The folder structure should look as follows:

```
data/
    dhs_tfrecords_raw/
        angola_2011_00.tfrecord.gz
        ...
        zimbabwe_2015_00.tfrecord.gz
    lsms_tfrecords_raw/
        ethiopia_2011_00.tfrecord.gz
        ...
        uganda_2013_00.tfrecord.gz
```

## Imports and Constants

In [None]:
import math
from typing import Any, Dict, Optional, Tuple

import ee
import pandas as pd

In [None]:
ee.Authenticate()

In [None]:
ee.Initialize()  # initialize the Earth Engine API

## Constants

In [None]:
# ========== ADAPT THESE PARAMETERS ==========

# To export to Google Drive, uncomment the next 2 lines
EXPORT = 'drive'
BUCKET = None

# To export to Google Cloud Storage (GCS), uncomment the next 2 lines
# and set the bucket to the desired bucket name
# EXPORT = 'gcs'
# BUCKET = 'mybucket'

# export location parameters
DHS_EXPORT_FOLDER = 'dhs_tfrecords_raw'
LSMS_EXPORT_FOLDER = 'lsms_tfrecords_raw'

## Mögliche Bands
- 10 m/px
    - 'BLUE' (B2)
    - 'GREEN' (B3)
    - 'RED' (B4)
    - 'NIR' (B8)
- 20 m/px
    - 'RED EDGE' (B5)
    - 'NIR' (B6,B7,B8A)
    - 'SWIR' (B11,B12)
- 60 m/px
    - 'COASTAL AEROSOL' (B1)
    - 'CIRRUS' (B10)

In [None]:
# input data paths
DHS_CSV_PATH = '../data/dhs_wealthindex.csv'
#LSMS_CSV_PATH = '../data/lsms_clusters.csv'

# band names
MS_BANDS = ['BLUE', 'GREEN', 'RED', 'NIR', 'SWIR1', 'SWIR2', 'TEMP1']

# image export parameters
SCALE = 10                # export resolution: 10m/px
EXPORT_TILE_RADIUS = 335  # image dimension = (2*EXPORT_TILE_RADIUS) + 1 = 671px = 6710m
CHUNK_SIZE = 1000         # set to a small number (<= 50) if Google Earth Engine reports memory errors, may have to talk about that

## Export Images

In [None]:
def export_images(
        df: pd.DataFrame,
        country: str,
        year: int,
        export_folder: str,
        chunk_size: Optional[int] = None,
        ) -> Dict[Tuple[Any], ee.batch.Task]:
    '''
    Args
    - df: pd.DataFrame, contains columns ['lat', 'lon', 'country', 'year']
    - country: str, together with `year` determines the survey to export
    - year: int, together with `country` determines the survey to export
    - export_folder: str, name of folder for export
    - chunk_size: int, optionally set a limit to the # of images exported per TFRecord file
        - set to a small number (<= 50) if Google Earth Engine reports memory errors

    Returns: dict, maps task name tuple (export_folder, country, year, chunk) to ee.batch.Task
    '''
    subset_df = df[(df['country'] == country) & (df['year'] == year)].reset_index(drop=True)
    if chunk_size is None:
        num_chunks = 1
    else:
        num_chunks = int(math.ceil(len(subset_df) / chunk_size))
    tasks = {}

    for i in range(num_chunks):
        chunk_slice = slice(i * chunk_size, (i+1) * chunk_size - 1)  # df.loc[] is inclusive
        fc = ee_utils.df_to_fc(subset_df.loc[chunk_slice, :])
        start_date, end_date = ee_utils.surveyyear_to_range(year)
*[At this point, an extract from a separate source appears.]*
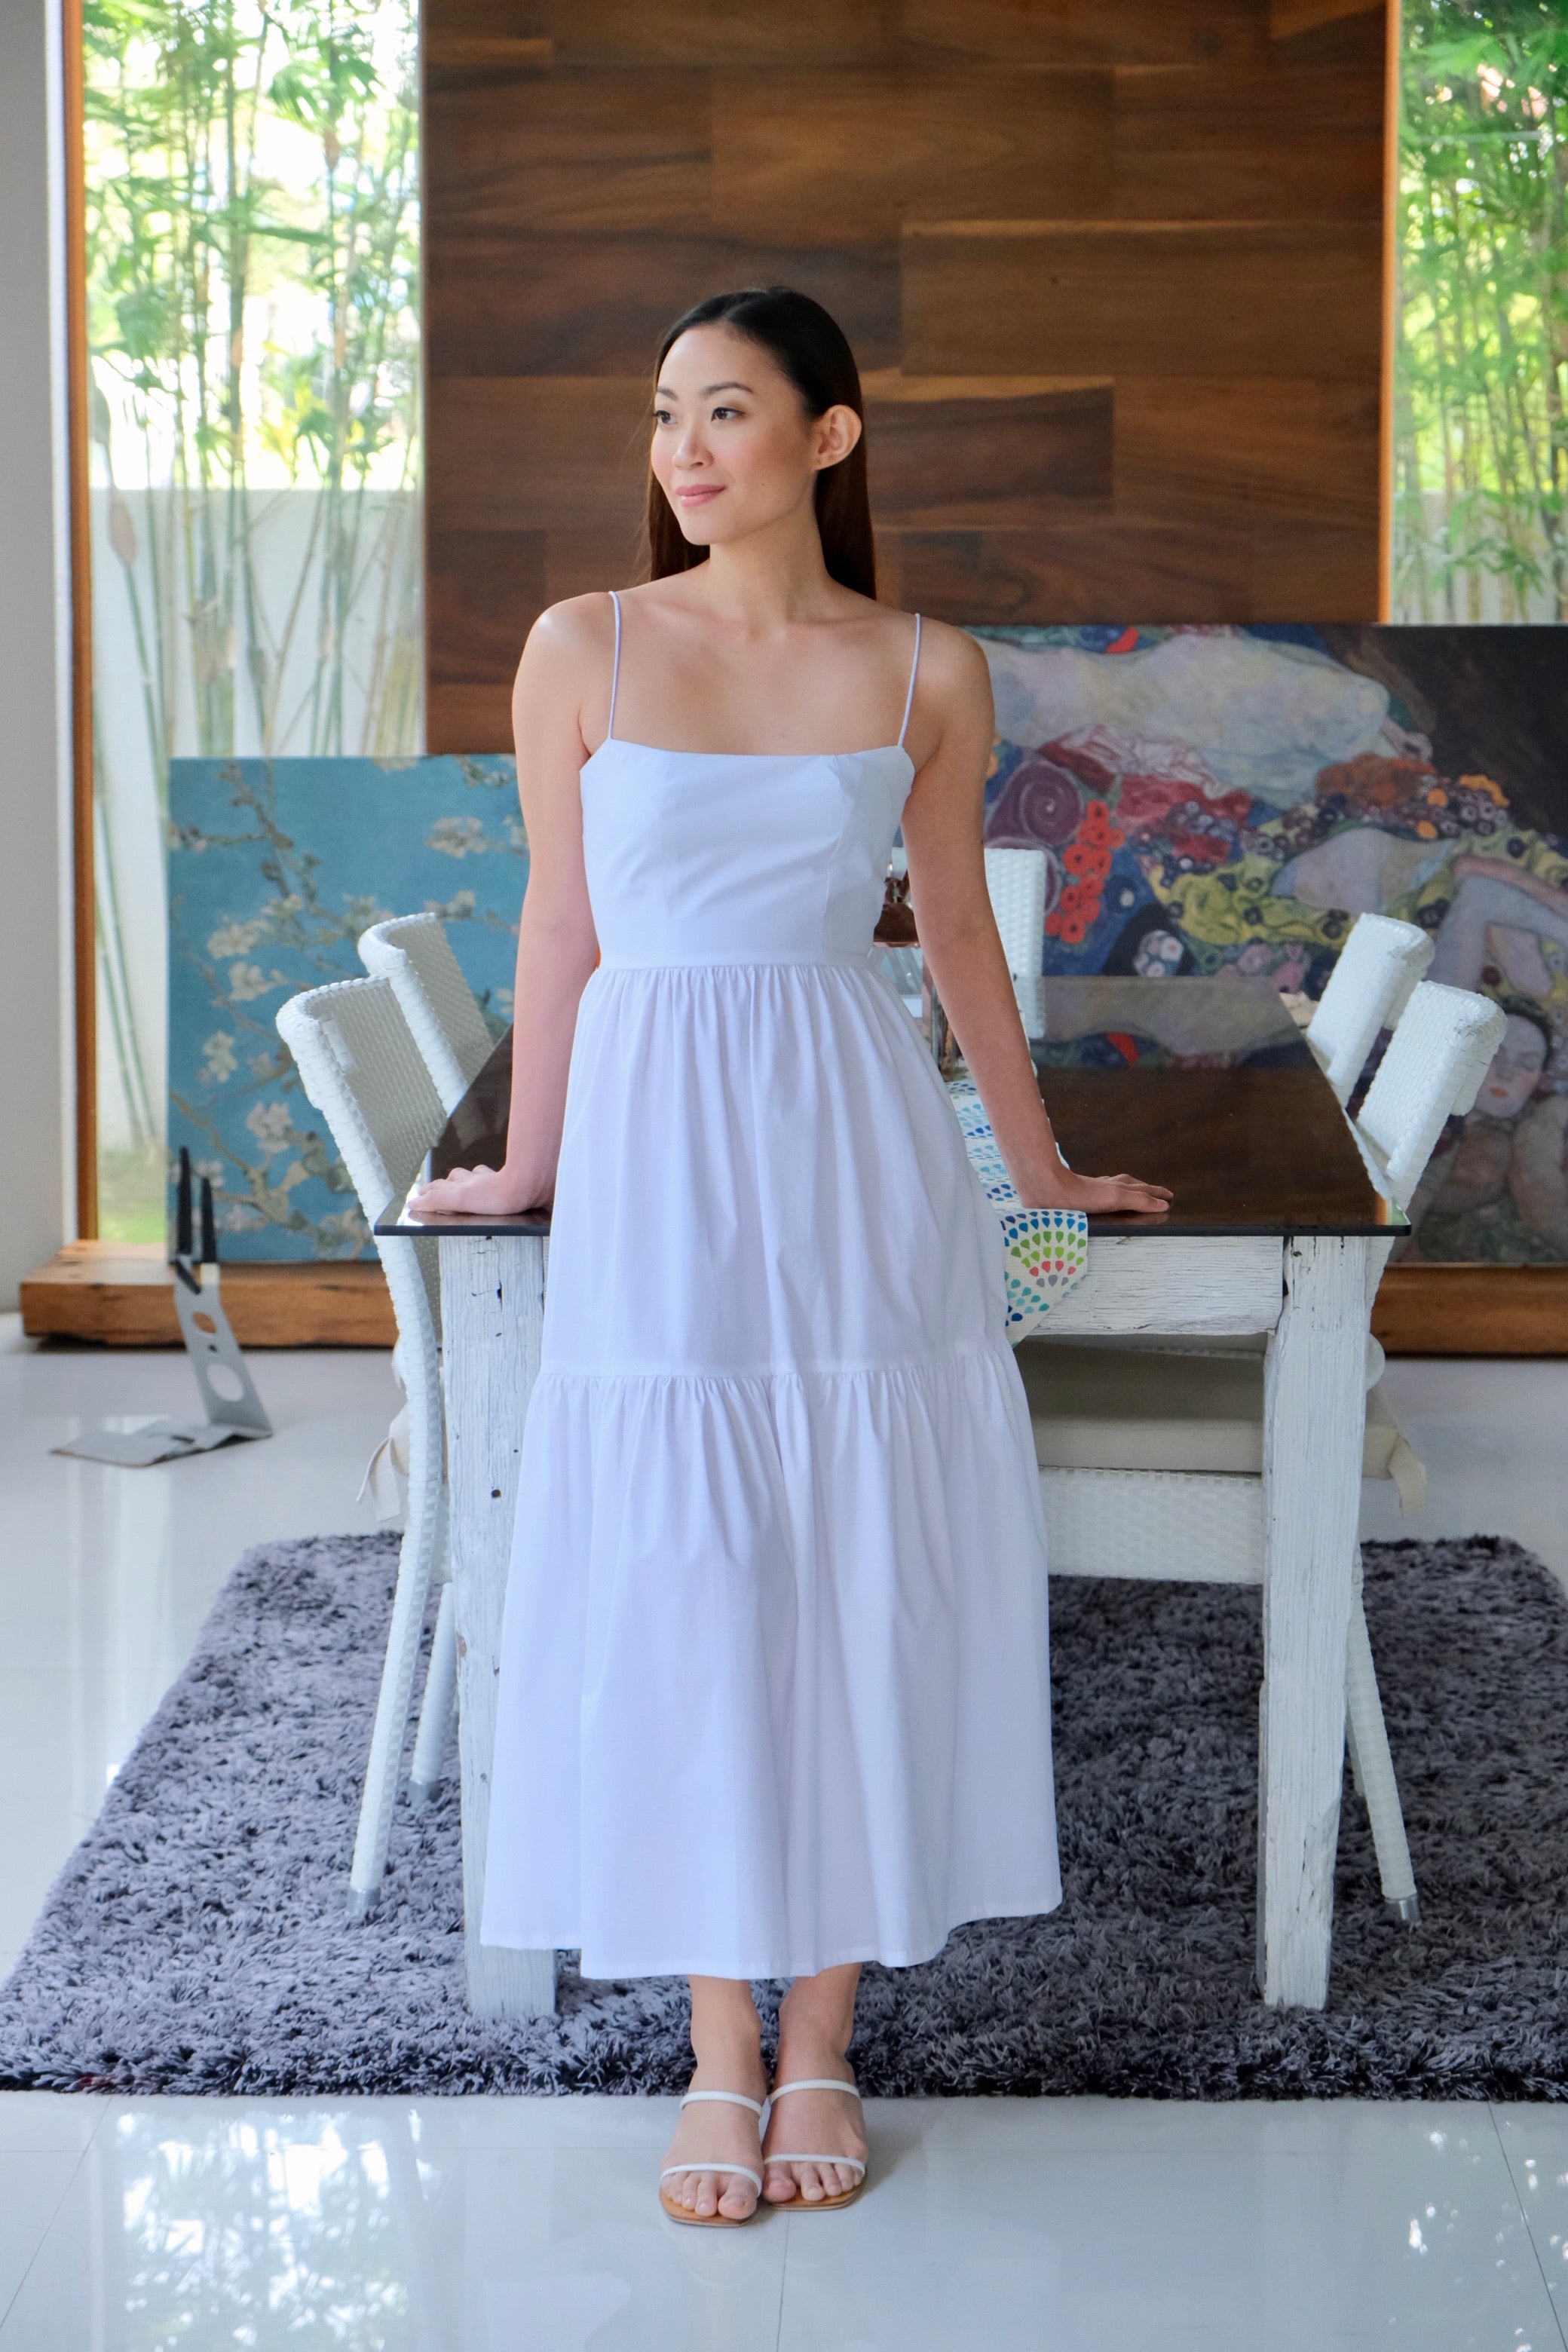 Penelope Dress in White

        # SENTINEL image here instead of LandsatSR, including Cloudmasking
        #roi = fc.geometry()
        #imgcol = ee_utils.LandsatSR(roi, start_date=start_date, end_date=end_date).merged
        #imgcol = imgcol.select(MS_BANDS)
        #img = imgcol.median()

        # add nightlights, latitude, and longitude bands
        #img = ee_utils.add_latlon(img)
        #img = img.addBands(ee_utils.composite_nl(year))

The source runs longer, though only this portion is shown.